The final touch was from the henebe nightshade, a flower found in the very region Joseph had tasked Lana with overseeing. It was potent, and tricky to get down to usable dosage, but Lana had finally cracked it after months of work. The work had consumed her, and by the time she had completed the Bliss and gone to Joseph's compound to present it to him, she was stunned by Joseph's new message.
"YOU USED ME!" Lana screamed, saliva flying from her mouth. "You want the Bliss to subjugate the flock!"

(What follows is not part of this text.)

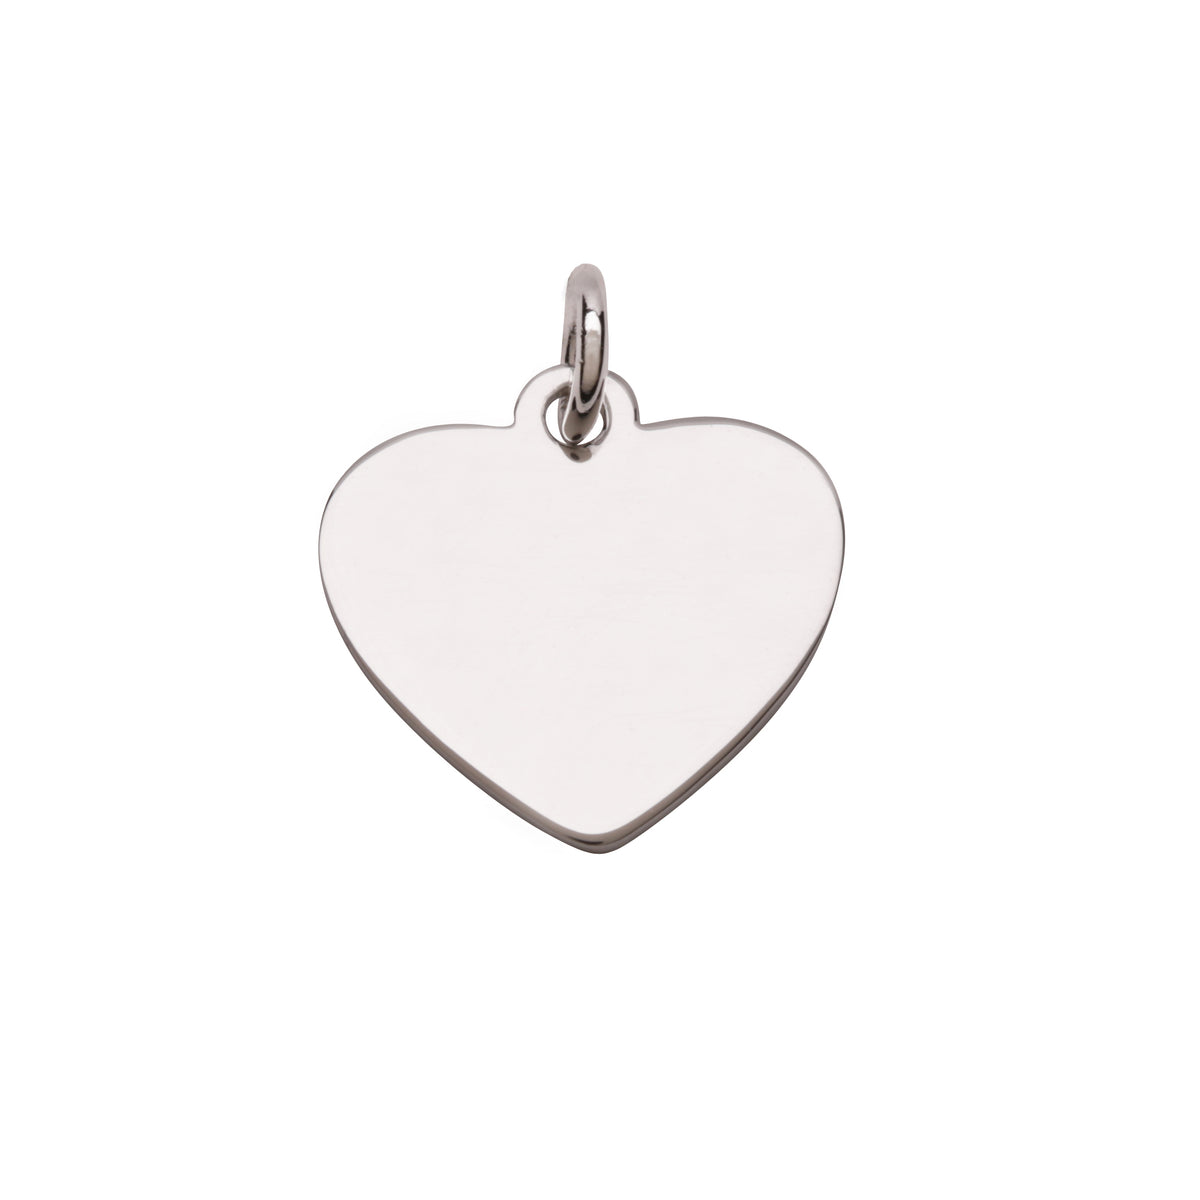 Engravable Heart Bracelet Charms in sterling silver-charms for bracelets

"No one is being forced." Joseph replied calmly.
"But they will be! People are fleeing!" Lana retorted, a vindictive smile emerging as she realized she struck a nerve. People were drifting from Joseph's words, turned off by his now apocalyptic message.
"No, they are not fleeing. They have merely become lost."
"Bullshit!" Lana spat. "They are running for their lives! They fear you and your bullshit about a Collapse! You're nothing more than a Jim Jones-"
A swift gut punch and Lana's moment of fury was over. Peter had figured out her notes, her attempts to mislead him having failed. She had only needed another two days. Another two days and she'd have had a truck and could have left. She could have driven back to Georgia. Back to Derek.
Oh God… Derek. He was right. Lana screamed to herself. 'I never got a chance to write back to him. To tell him, I don't know…'
"You've failed us." Joseph continued, now standing over her. "All of us. And all of humanity." The whole time, Josephs' voice had not deviated from a monotone, but there was an edge as he announced what followed. "The Collapse is coming. And for that, we still need Faith."
A glimmer of hope. Tears were staining the black floor beneath her. Lana could see Joseph's boots in front of her. Perhaps mercy…
"But not your faith."
A scream, a raised hand, a click, and a single shot. Blood splattered, a figure fell backwards, dead, her shiny black hair covered with her own blood and skull.
"Throw her in." The Father declared, to which two of his loyal children did. As the tar from the pits seeps into the women's body, the procession leaves.
Leaving behind their Faith with no ceremony or love or misgivings.